● **The data**:
--
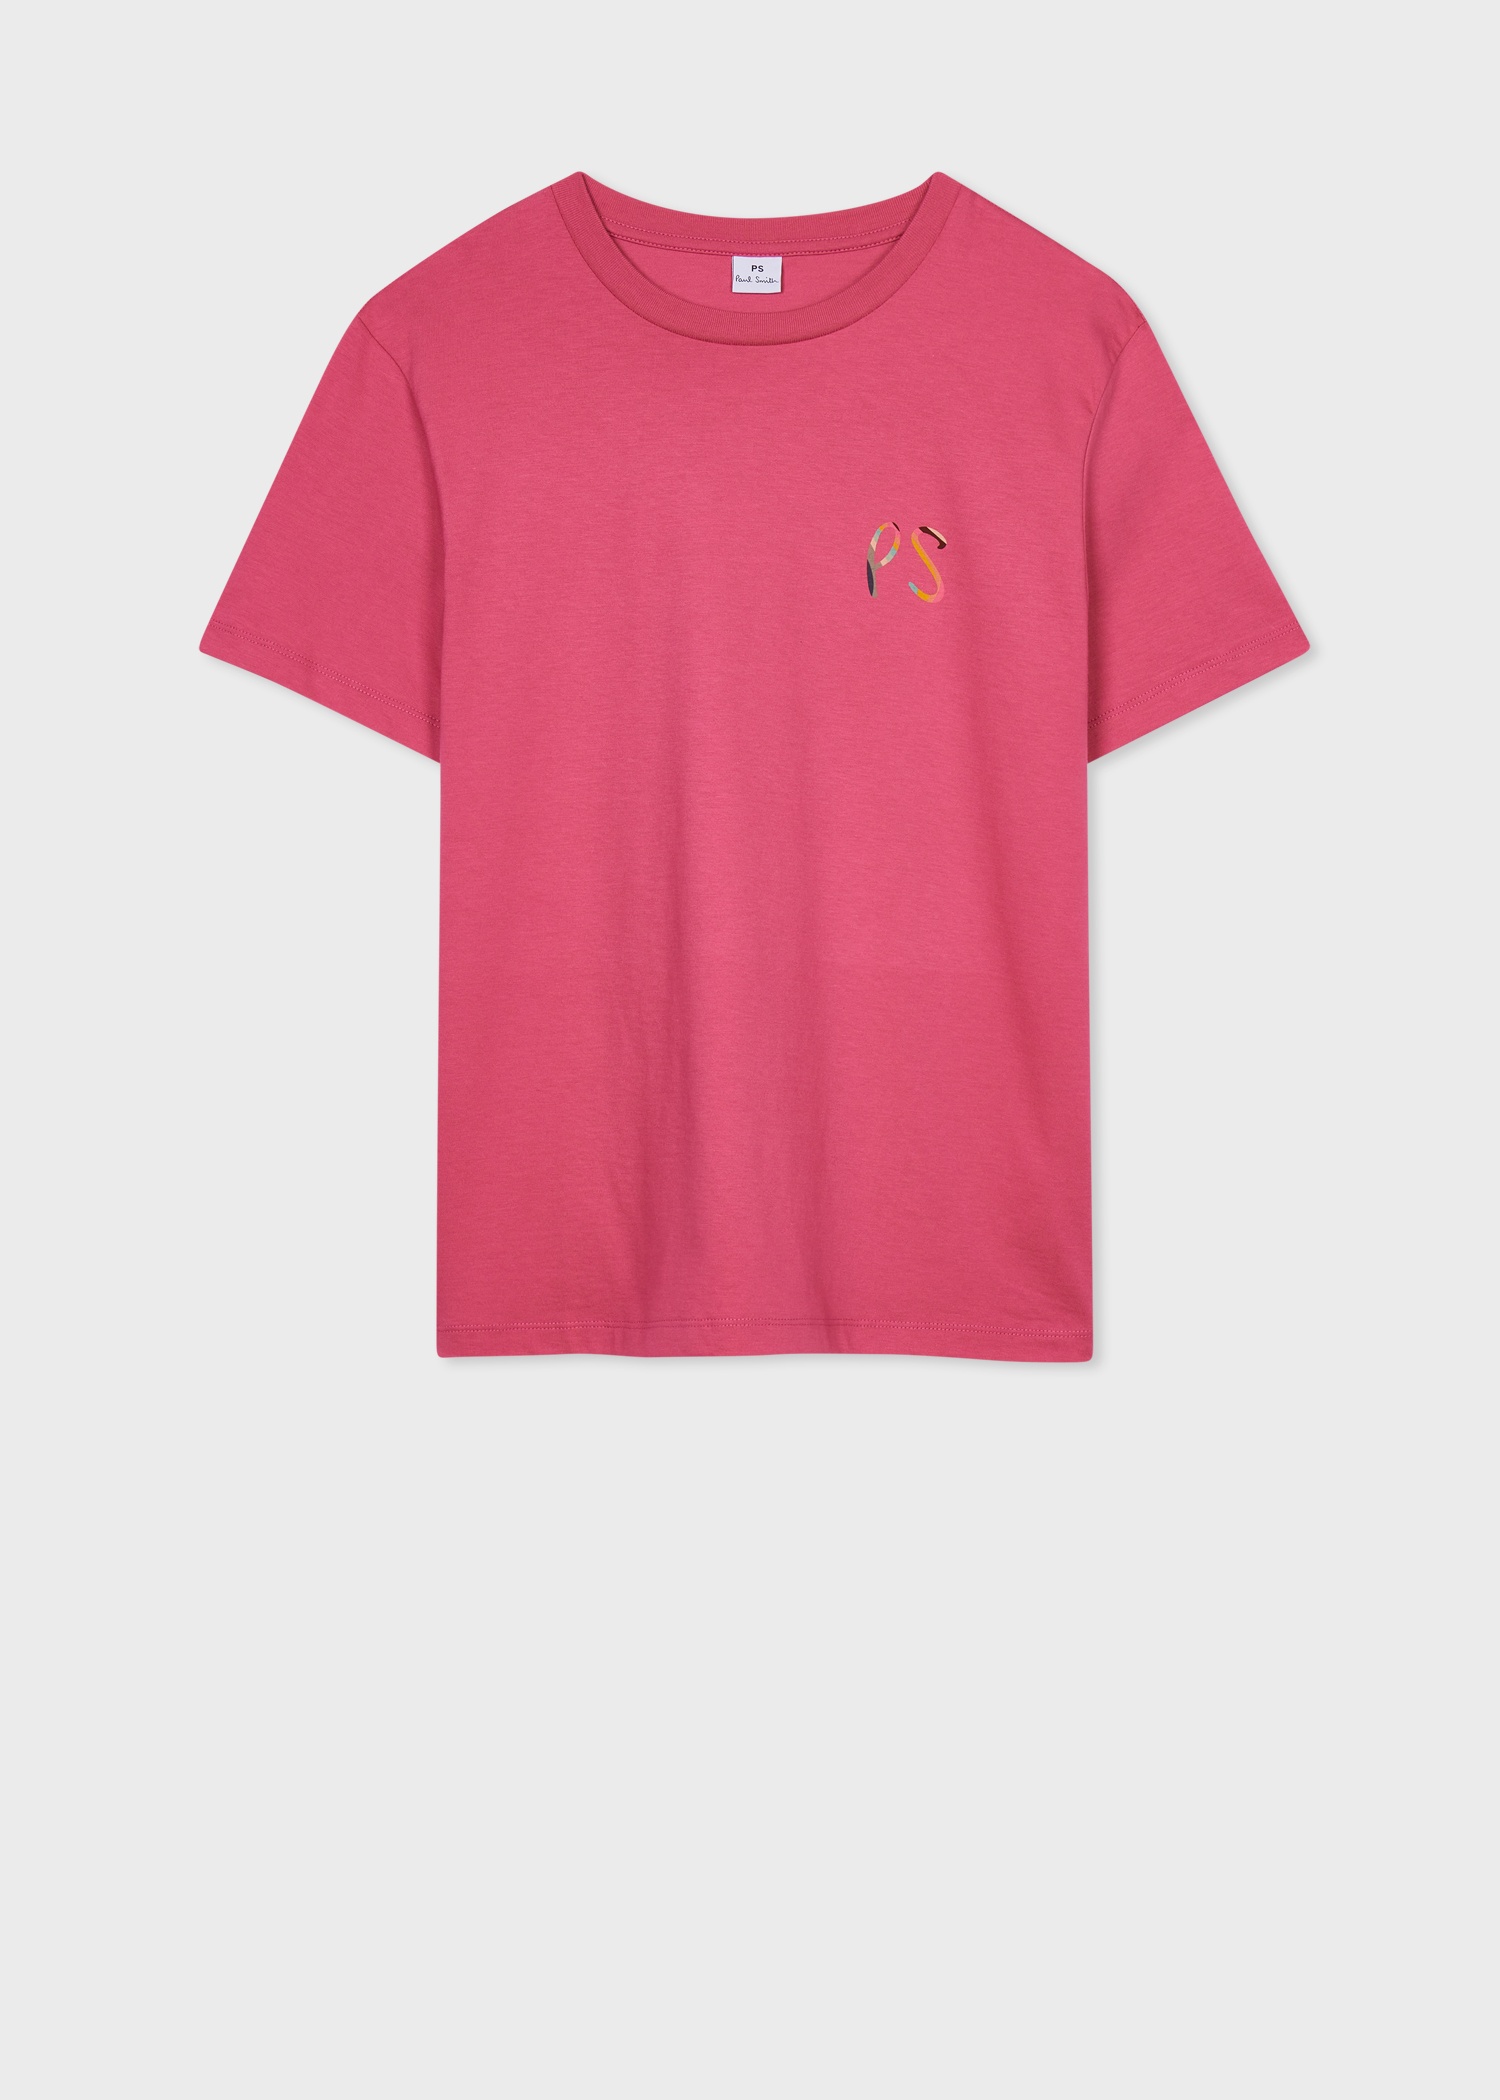 Women's Dark Pink 'Swirl' PS Logo T-Shirt - 1
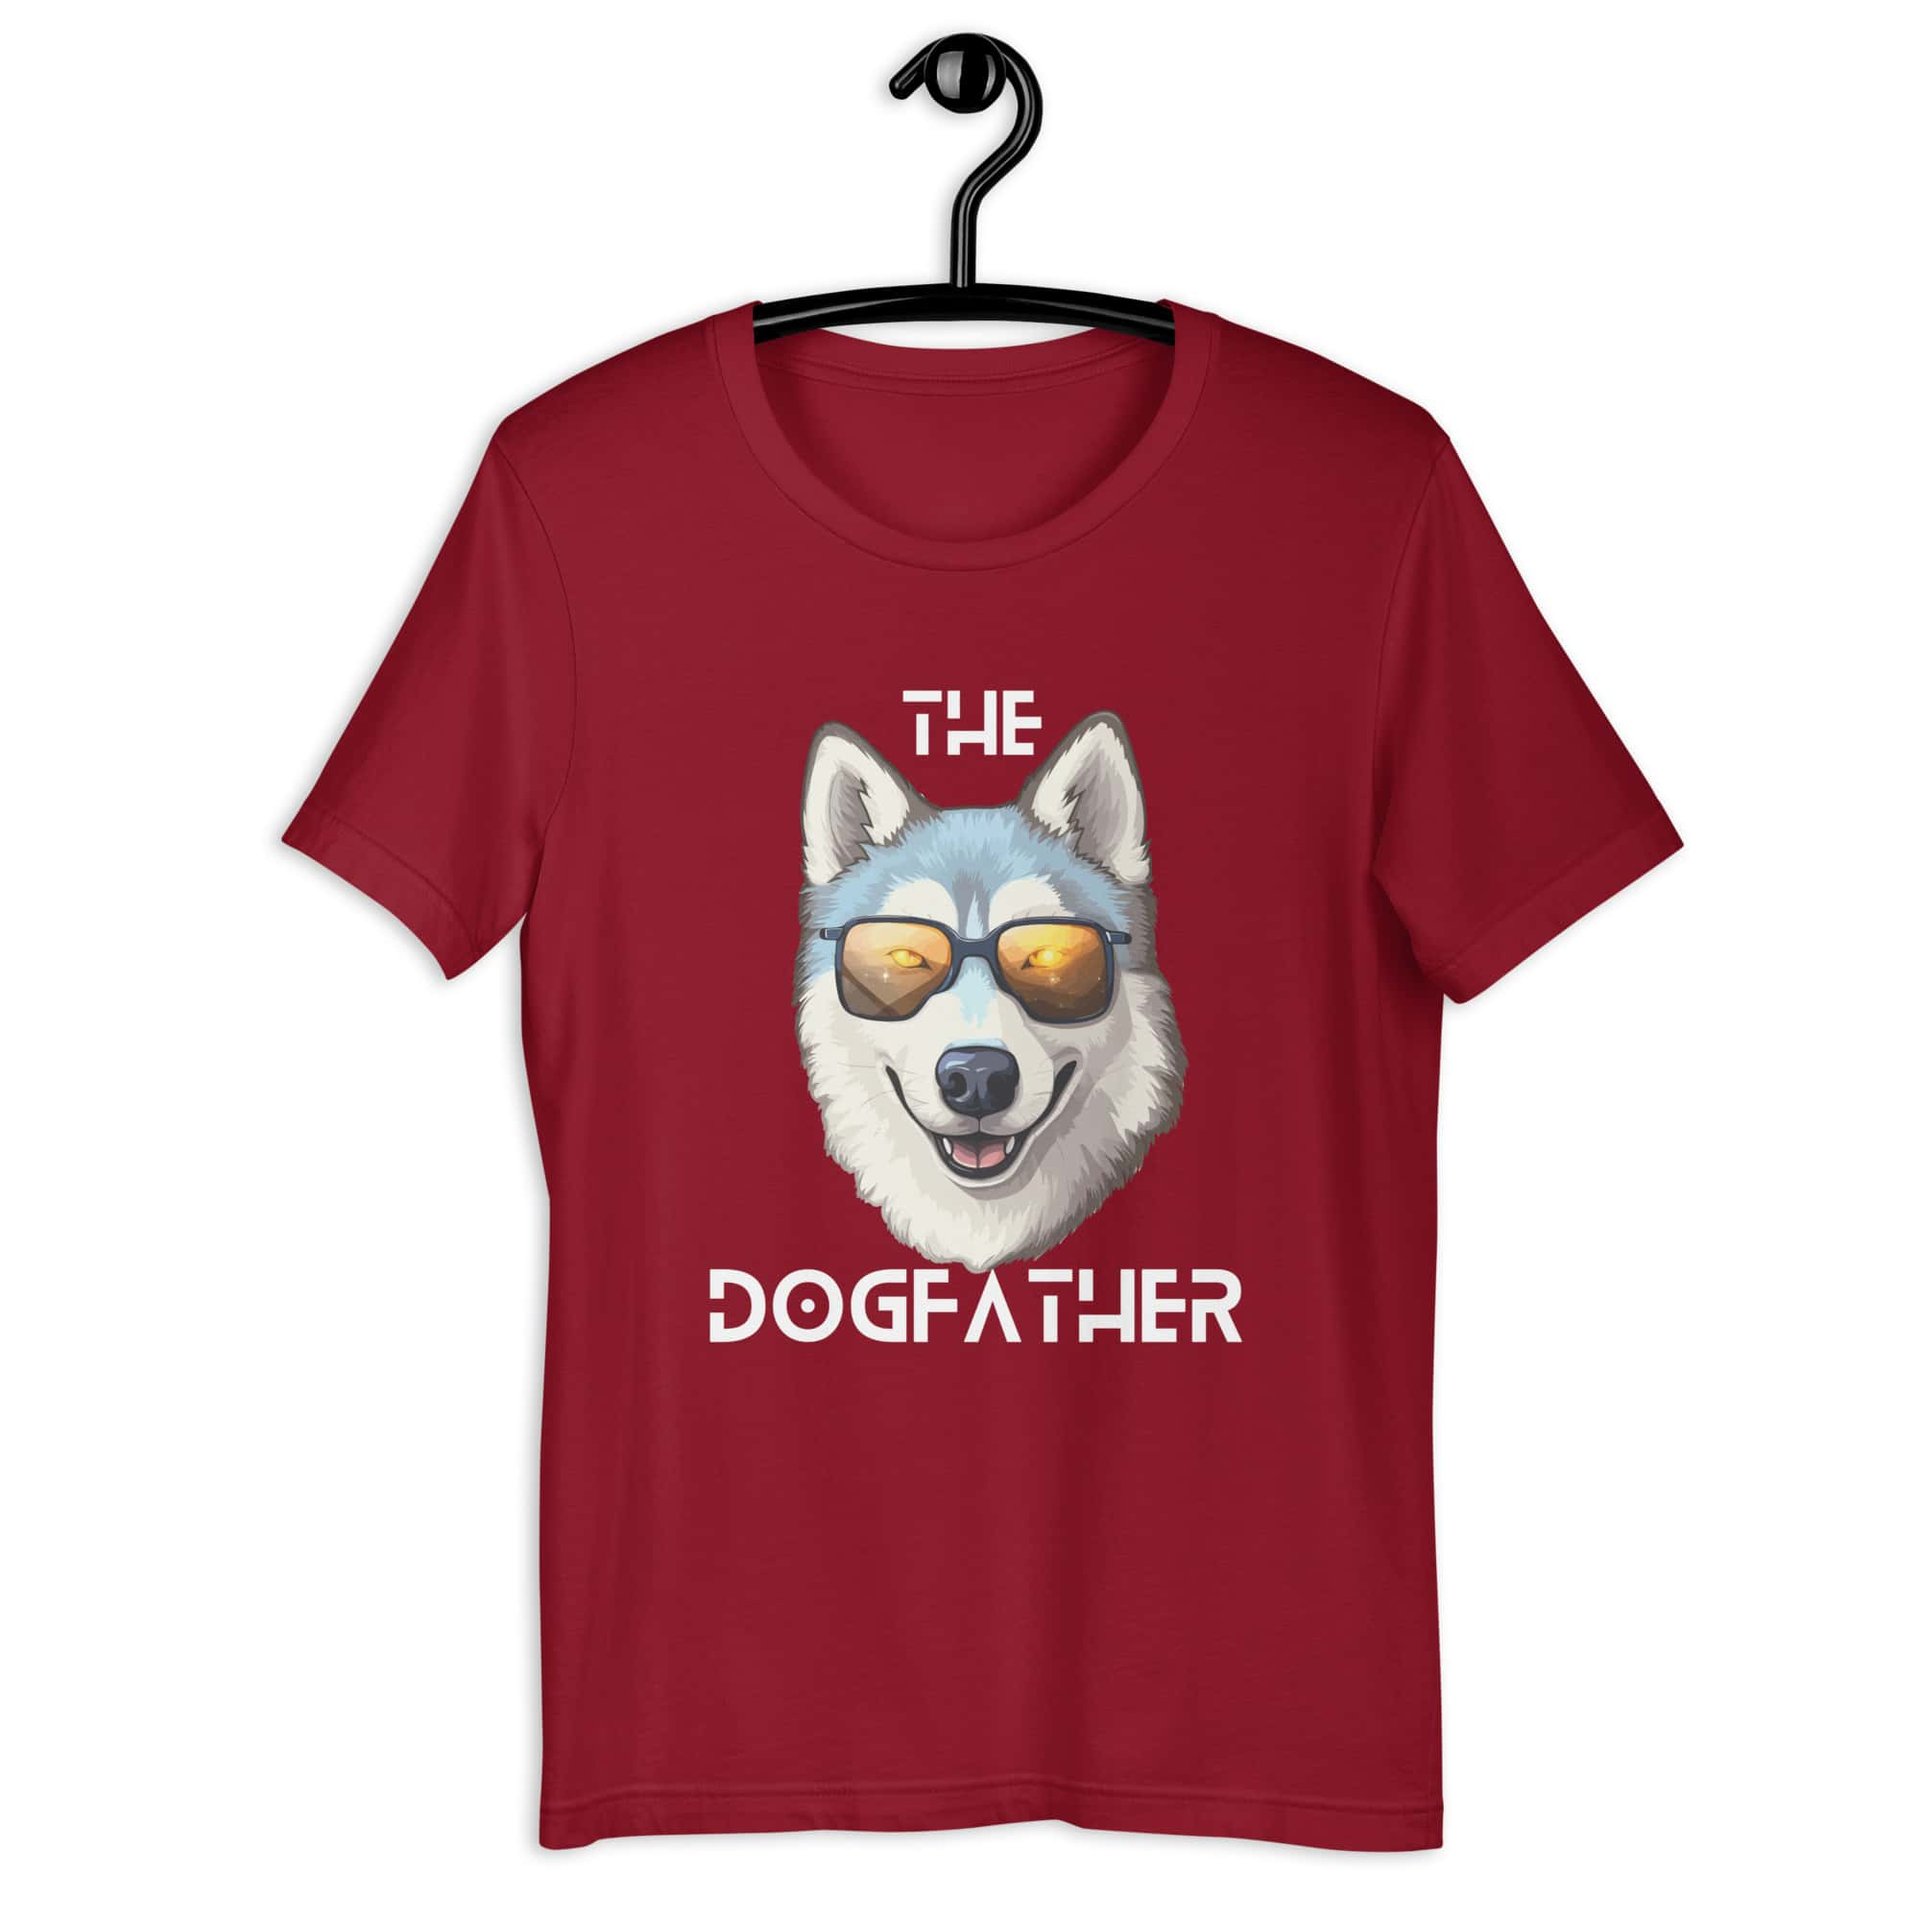 The Dogfather Huskies Unisex T-Shirt. Cardinal
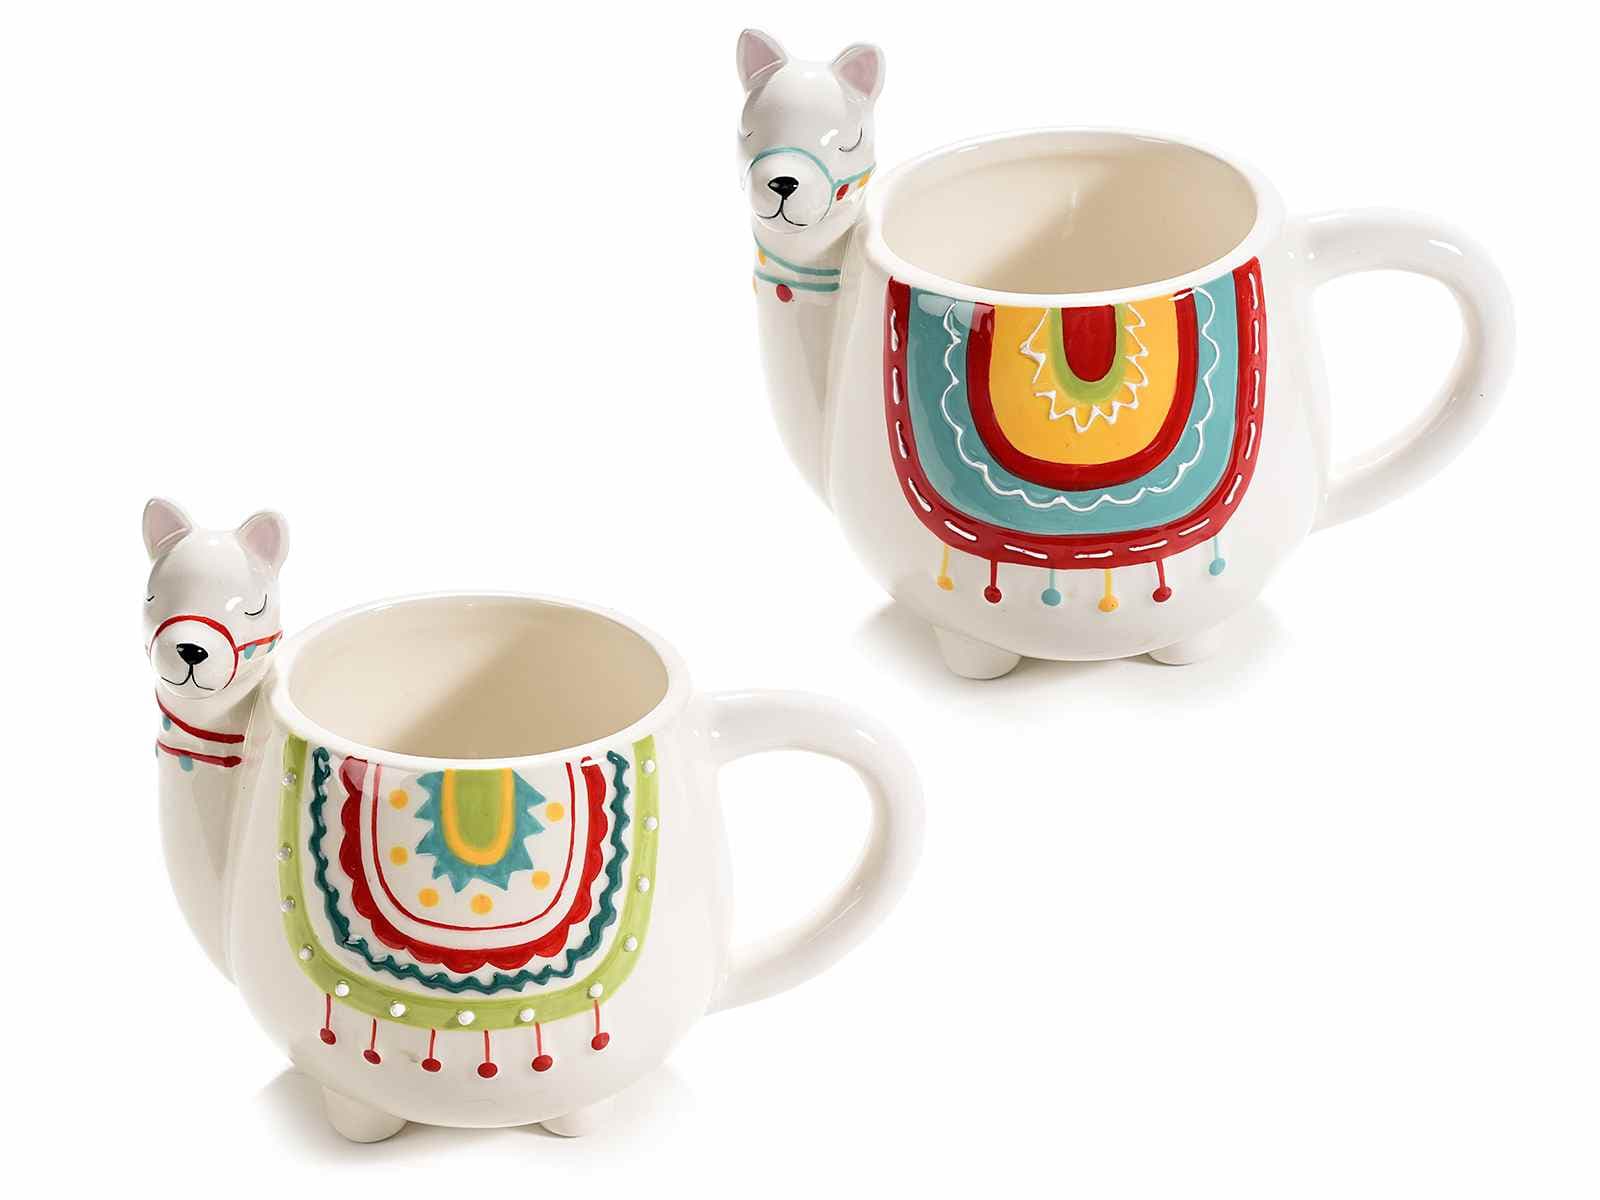 Tazza lama in ceramica colorata con dettagli in rilievo - Dolci pensieri gift
--
● **Aim of the task**:
Once the pictures are set aside, retype the rest of the listing exactly.

● **Response box**:
 Women's Dark Pink 'Swirl' PS Logo T-Shirt - 1
 The Dogfather Huskies Unisex T-Shirt. Cardinal
 Tazza lama in ceramica colorata con dettagli in rilievo - Dolci pensieri gift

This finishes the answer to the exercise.